*Activity*. Write out each line below precisely, passing over the pictures.

*Supplied material*.
== Segment start ==
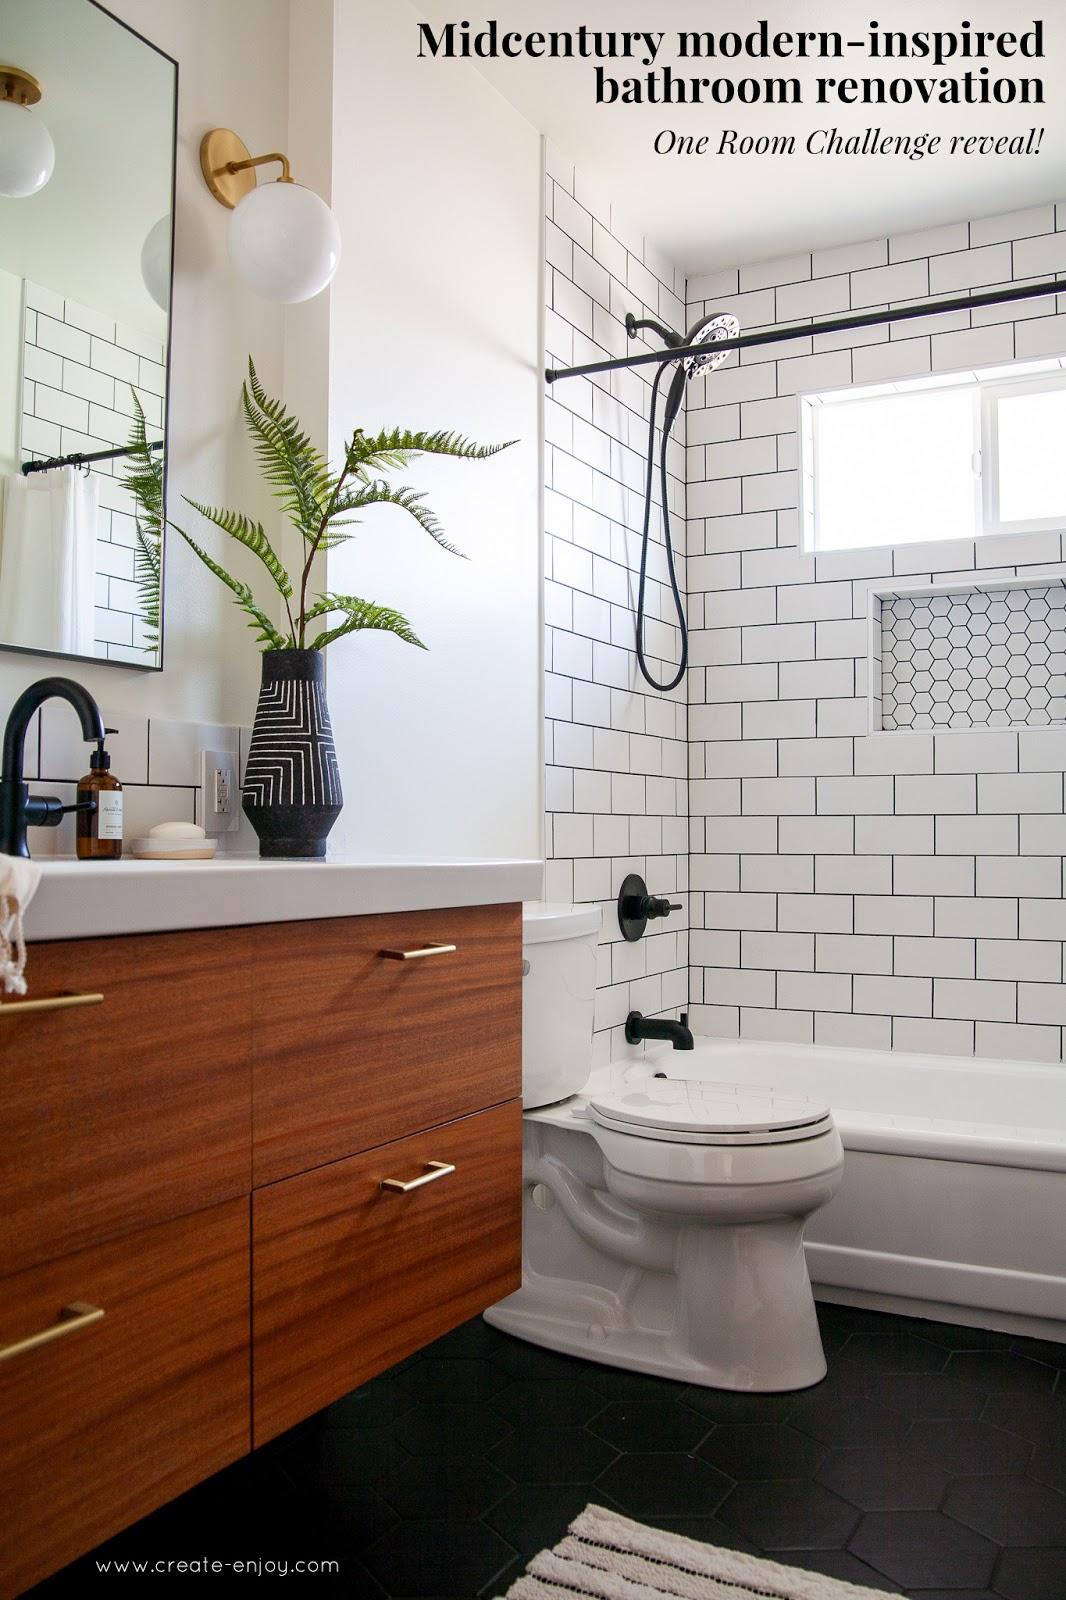 Modern Bathroom Renovation Reveal The Finished One Room Challenge Create Enjoy
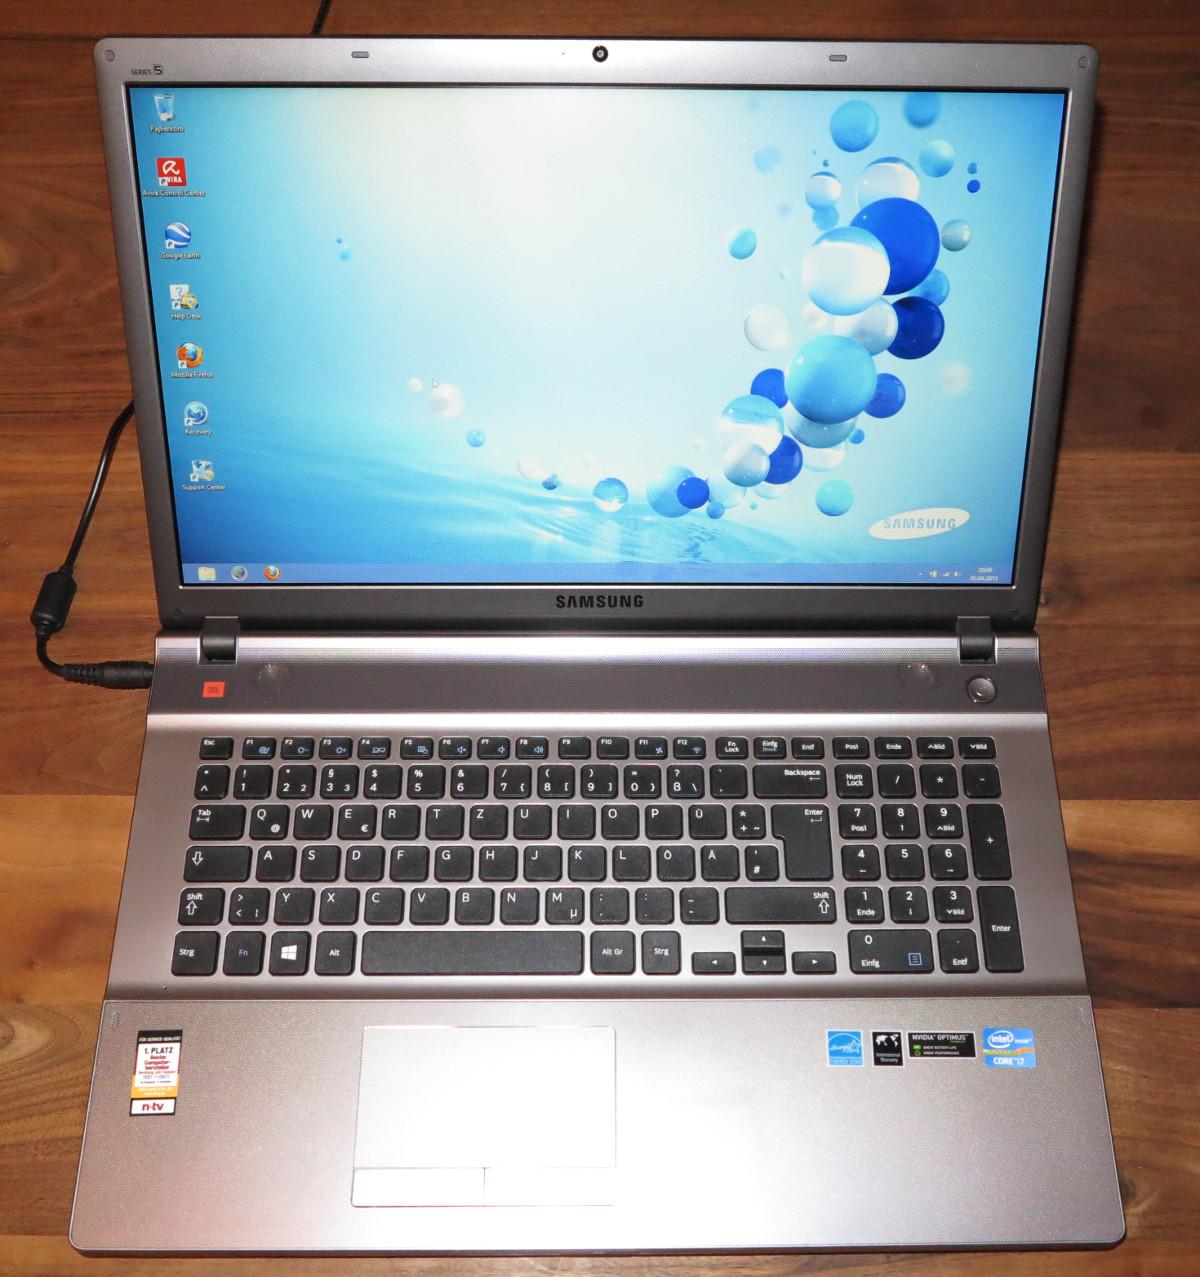 Samsung Serie 5 550P7C S0E Notebook – Testbericht 1 – 2
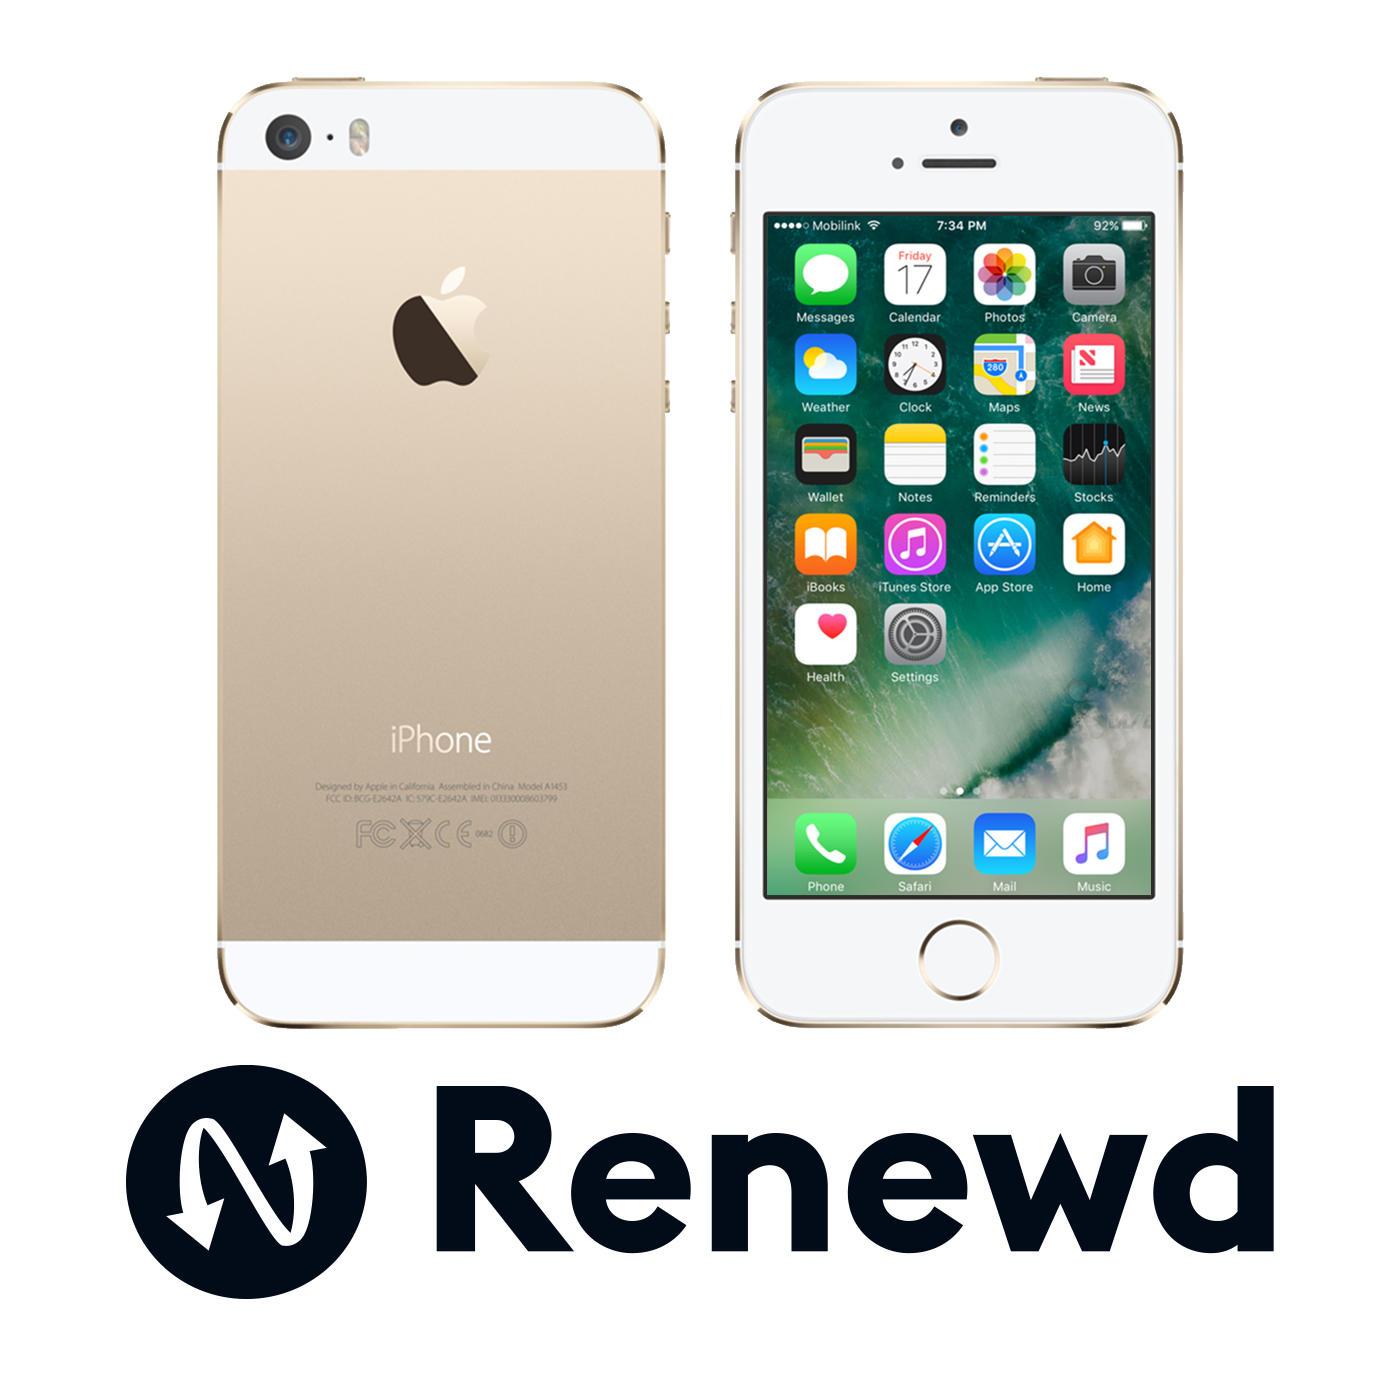 Renewd iPhone 5S 16GB Goud
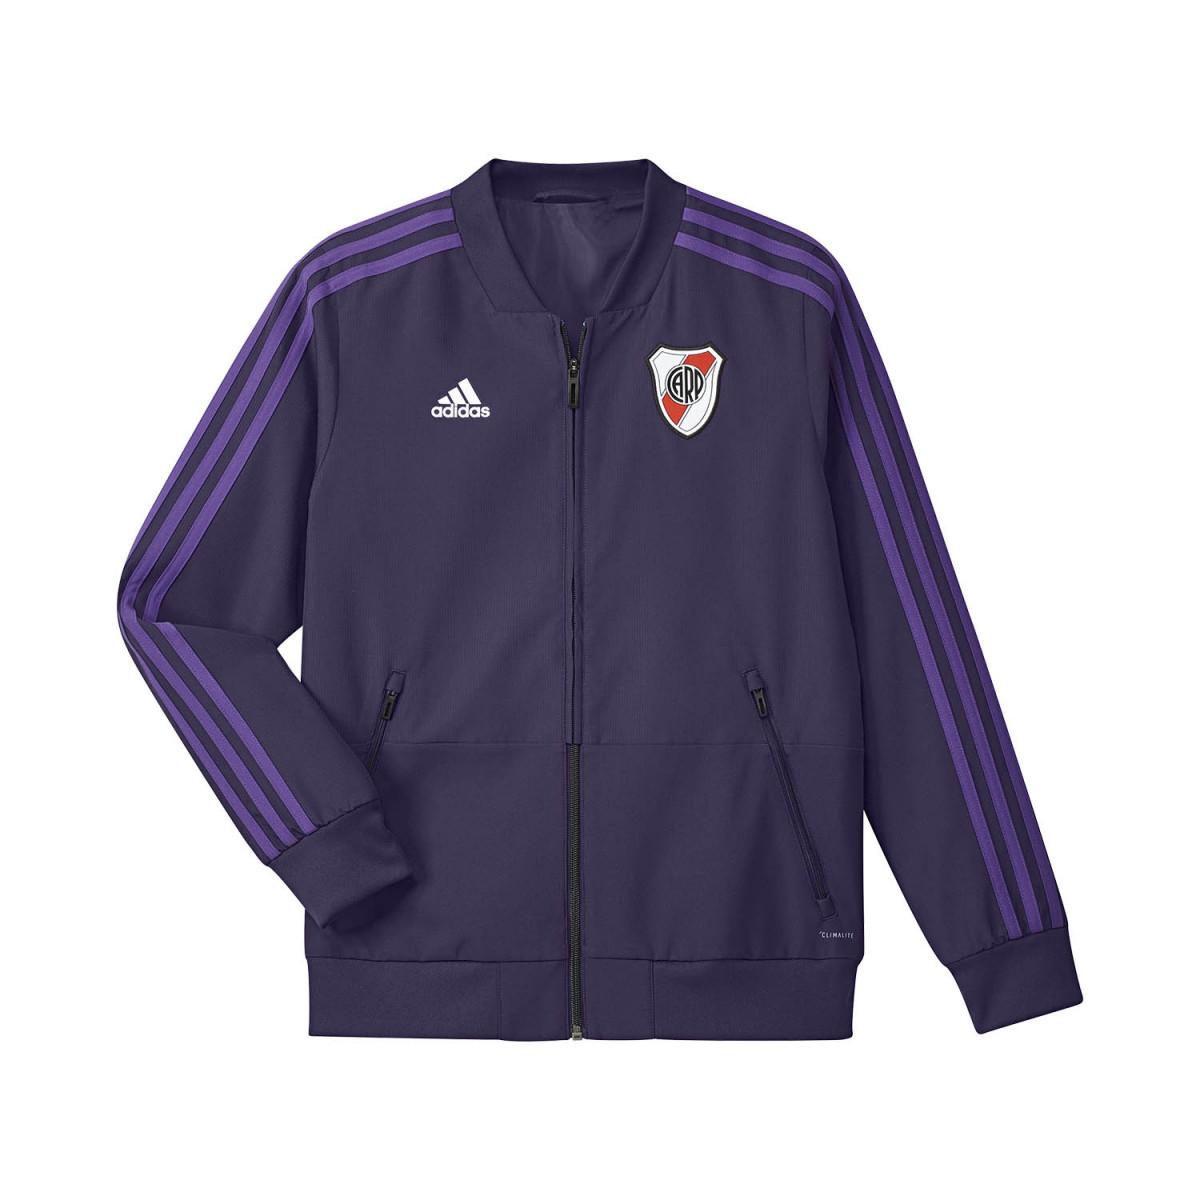 Campera Adidas River Plate Presentation Kids 2018 2019 - Camperas ... b14df9730ceed
== Segment end ==
*Solution for this task*.
 Modern Bathroom Renovation Reveal The Finished One Room Challenge Create Enjoy
 Samsung Serie 5 550P7C S0E Notebook – Testbericht 1 – 2
 Renewd iPhone 5S 16GB Goud
 Campera Adidas River Plate Presentation Kids 2018 2019 - Camperas ... b14df9730ceed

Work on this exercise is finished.